Pacific Bell, PacTel's subsidiary for phone service, is spending $14 million to $15 million for switch upgrades this year alone, a spokesman said.

But FCC officials said today that it is not expected to weigh in with an opinion any time soon and won't even set the guidelines for how to make rules about changing the rates until November at the earliest.

Meanwhile, Internet demand is increasing by the minute. Online services that provide Net connections are now subscribed to by about eight percent of U.S. households, but the number is growing rapidly. Moreover, the average Internet connect time has grown to more than 33 minutes from around 20 minutes in 1992, according to Pacific Bell.

The history of the problem goes back 13 years, when regulators let ISPs pay the Bells less than the going rate to carry their Internet traffic. The policy was intended to help the fledgling ISPs get off the ground. At the time, the Bells had limited objections.

Why? In those days, ISPs were little more than online bulletin boards for a limited number of users.

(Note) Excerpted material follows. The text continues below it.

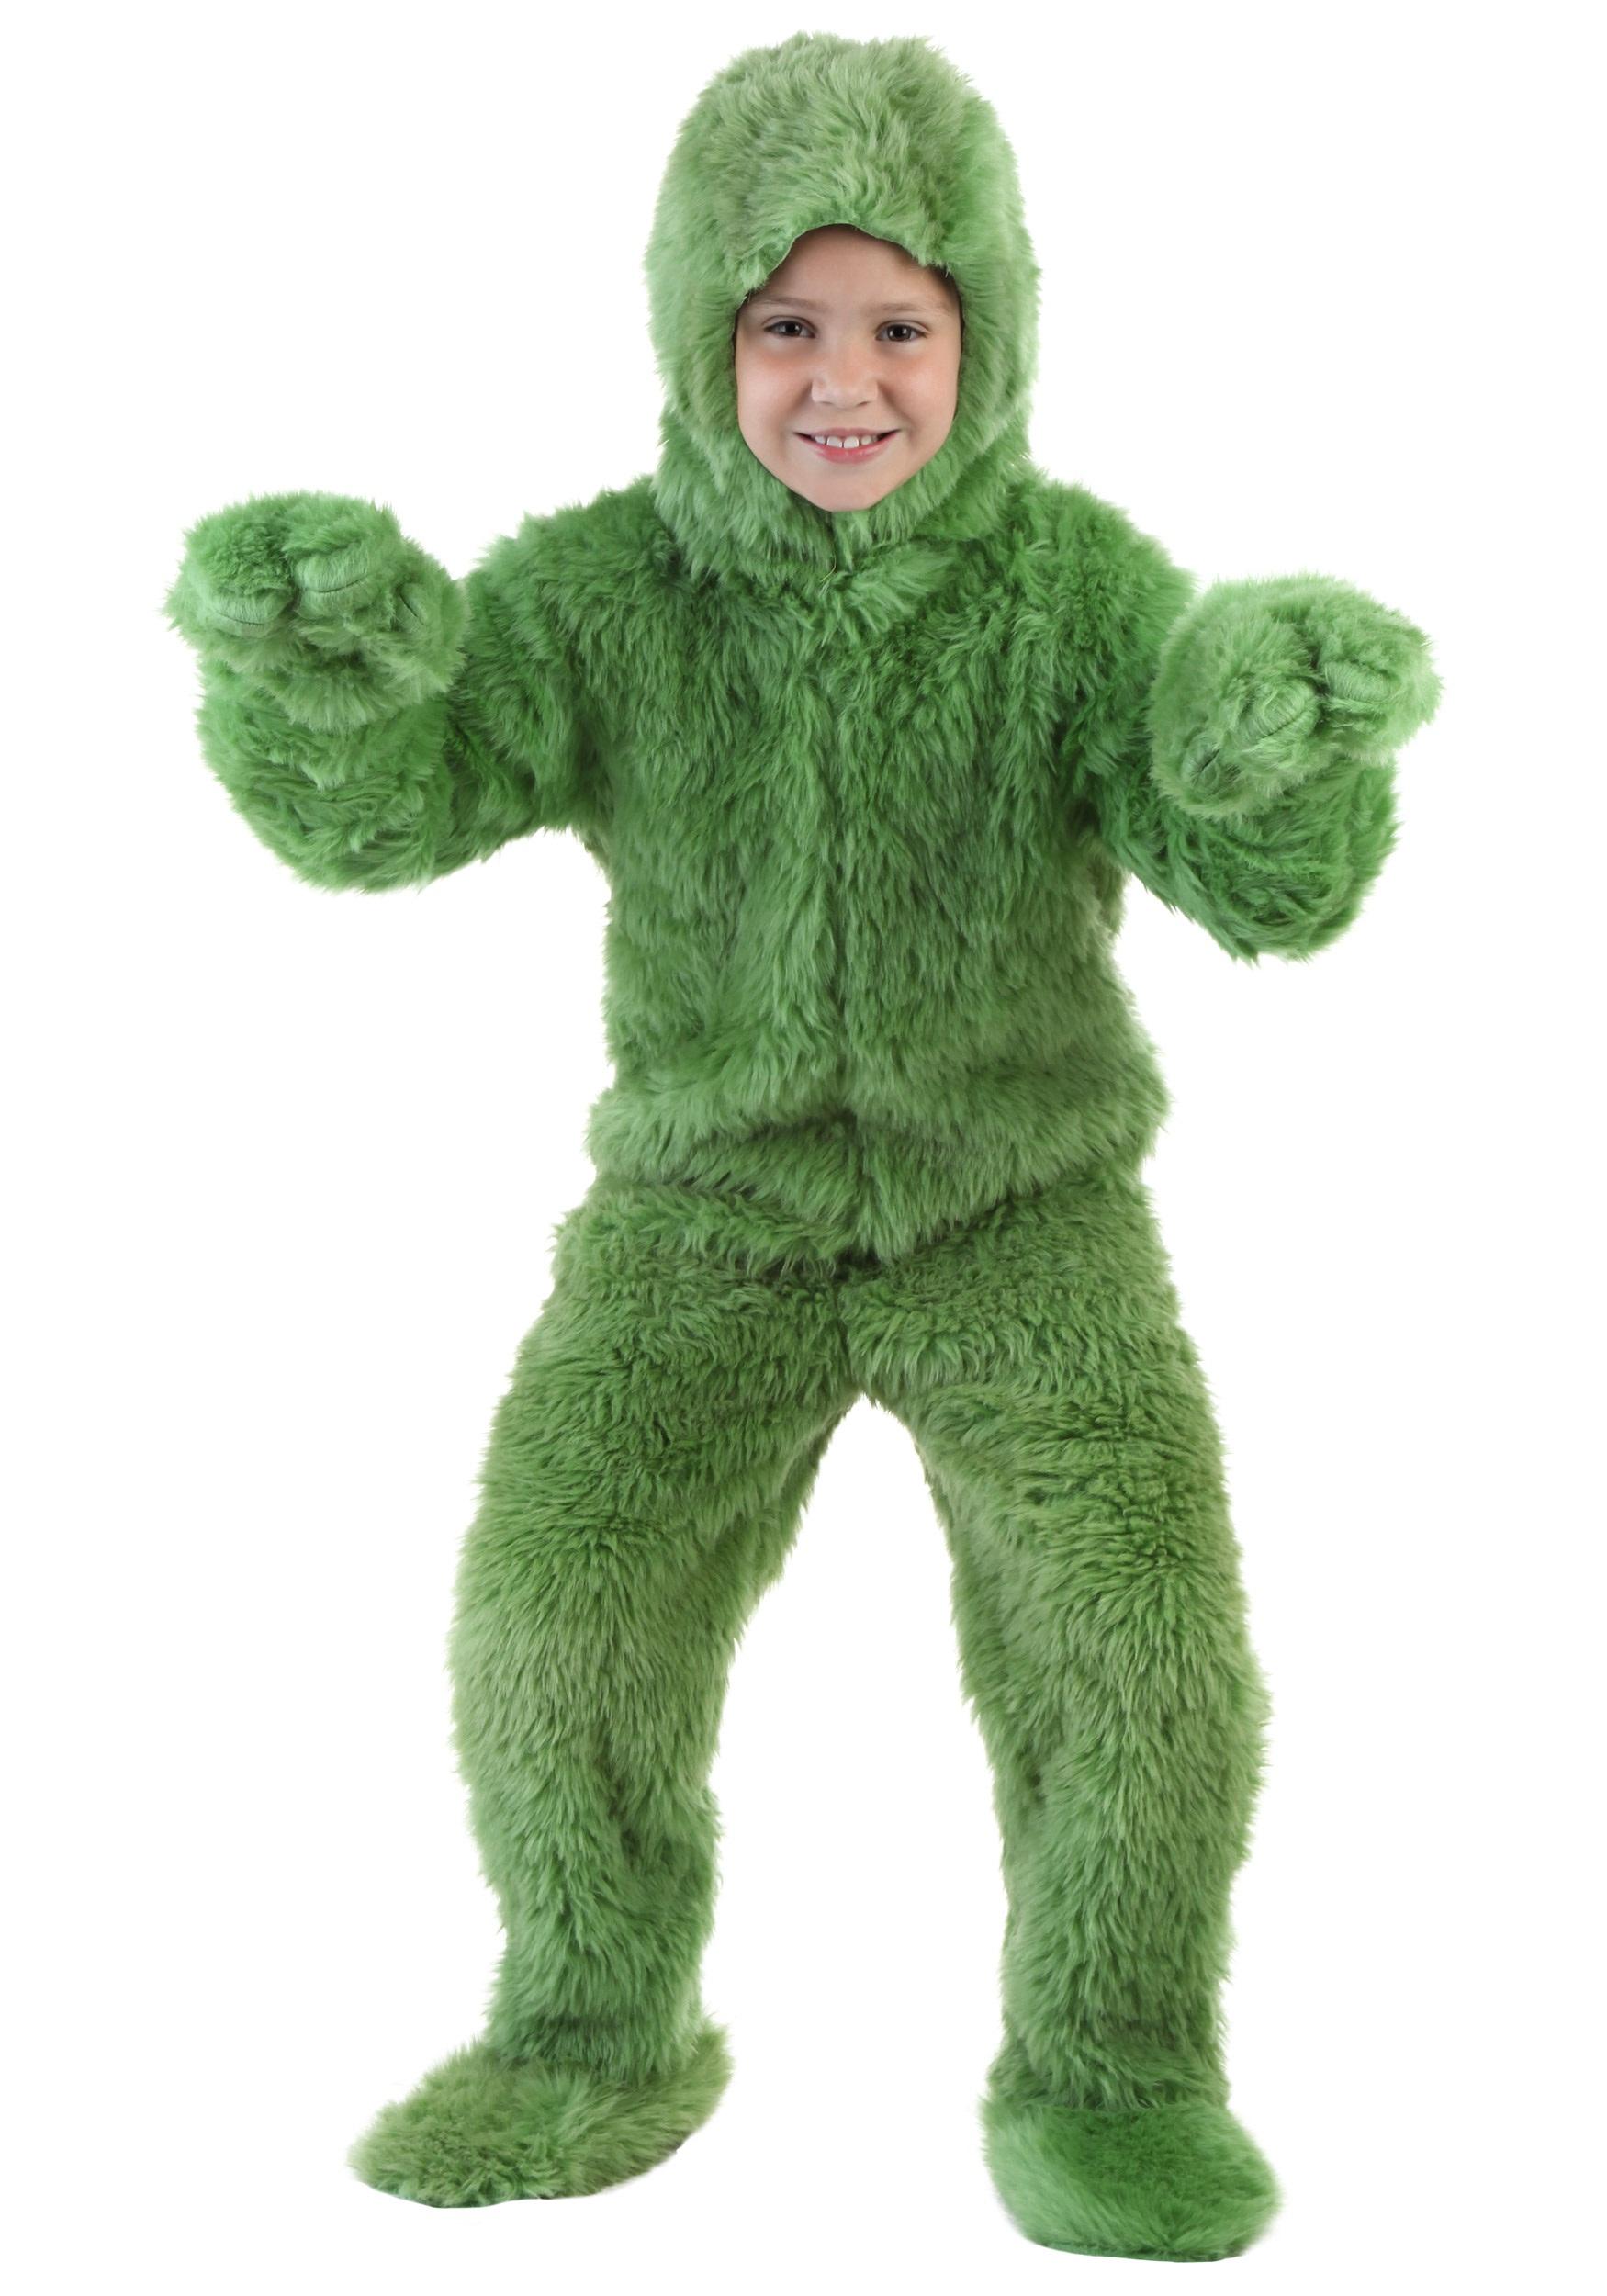 Green Furry Jumpsuit Costume

But that was then. Today, those Internet providers are barreling toward the mass market with tens of millions of subscribers. With new technologies, the services carry graphics and animation, which further strains the phone network.

But they still pay only about 12 percent of what long distance carriers such as AT&T, MCI, and Sprint pay to use the Baby Bells' network, according to the regional phone companies.

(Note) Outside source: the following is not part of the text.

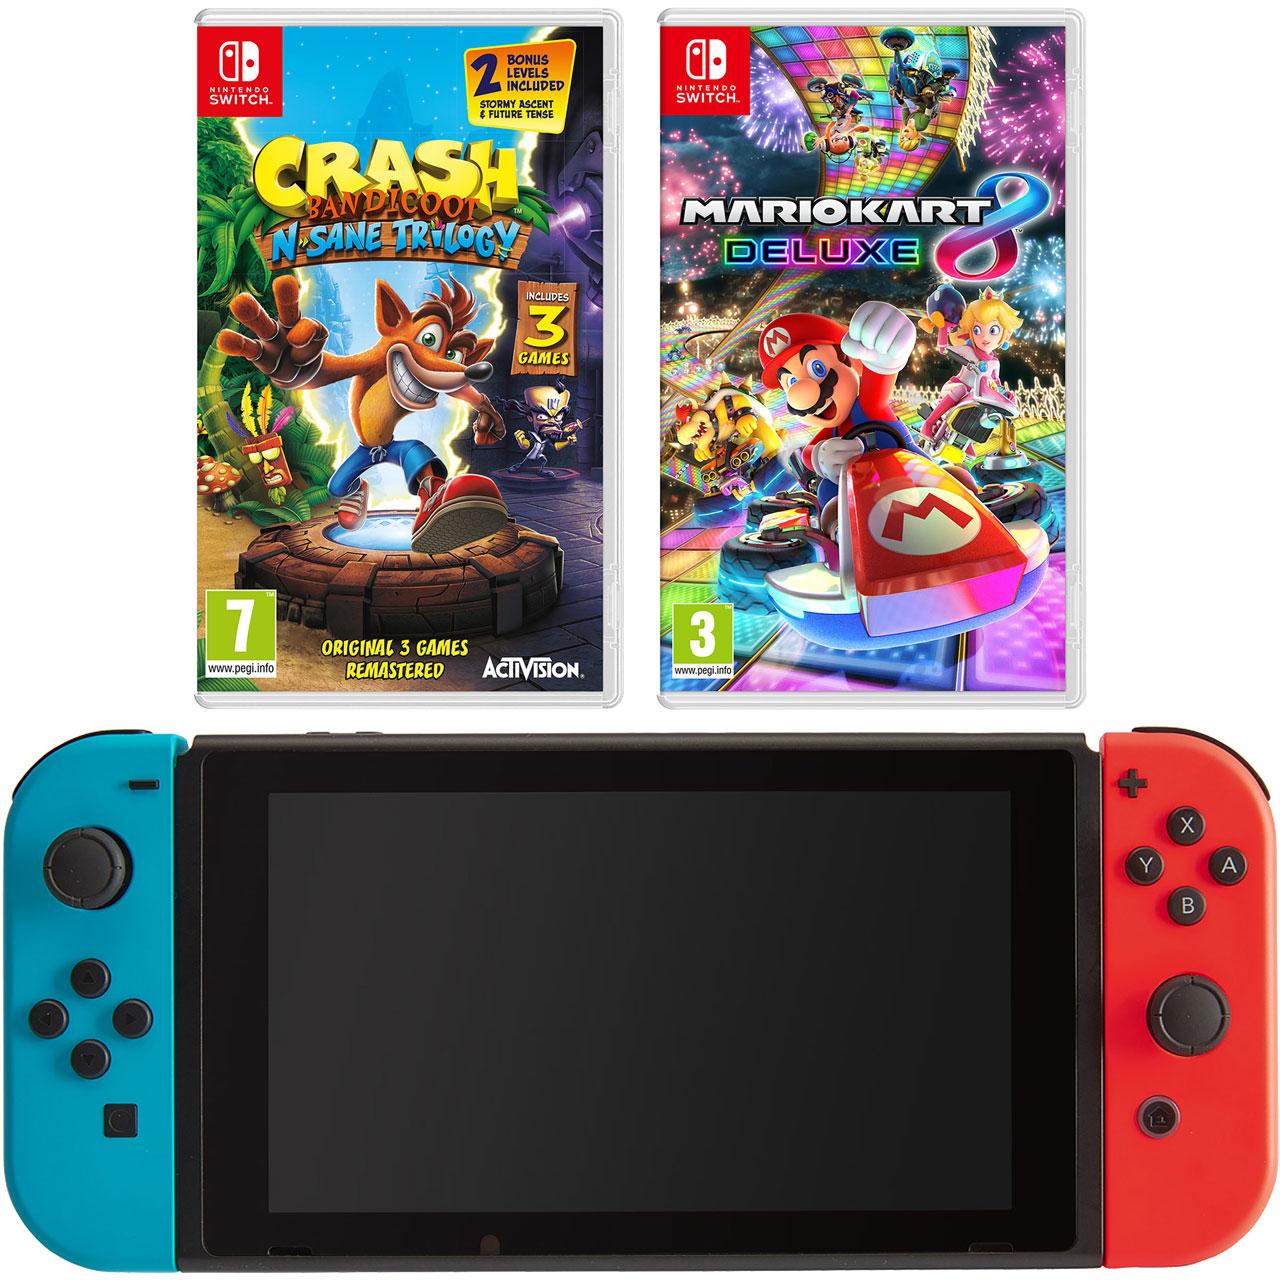 Nsheadcst55507 Nintendo Switch Mario Kart Bundle Grey Without Game

In fact, companies such as Netcom, Microsoft Network, and EarthLink now compete with the Bells as well, since many of the local telephone carriers now provide their own Internet access services.

As Quigley put it, "Now they're in flight, and it's time to pull the flaps."

But even the ISPs that say they sympathize with the Baby Bells' plight wonder if the new competitive picture has something to do with inspiring their recent complaints.

"Part of my concern is that these telcos are getting into the Internet business," said Jeffrey Rubenstein, president of the Florida Internet Service Provider Association and Cybergate, an ISP. "They're becoming our competitors, and now they're complaining."

The likely outcome of the fight is still unknown, although the phone companies do have one of the strongest lobbies anywhere, according to Jerry Michalski, managing editor of industry newsletter Release 1.0.

But so far, the Federal Communications Commission is being careful to adopt a neutral tone and hope the problem resolves itself. In a statement for the FCC, Chairman Reed Hundt summed up the commission's view like this: "I don't know what the full answer is to this problem. But I'm inclined to believe our best guidance is to let technology, competition, and access reform make the problem go away. We are working to open markets so these forces can operate most effectively."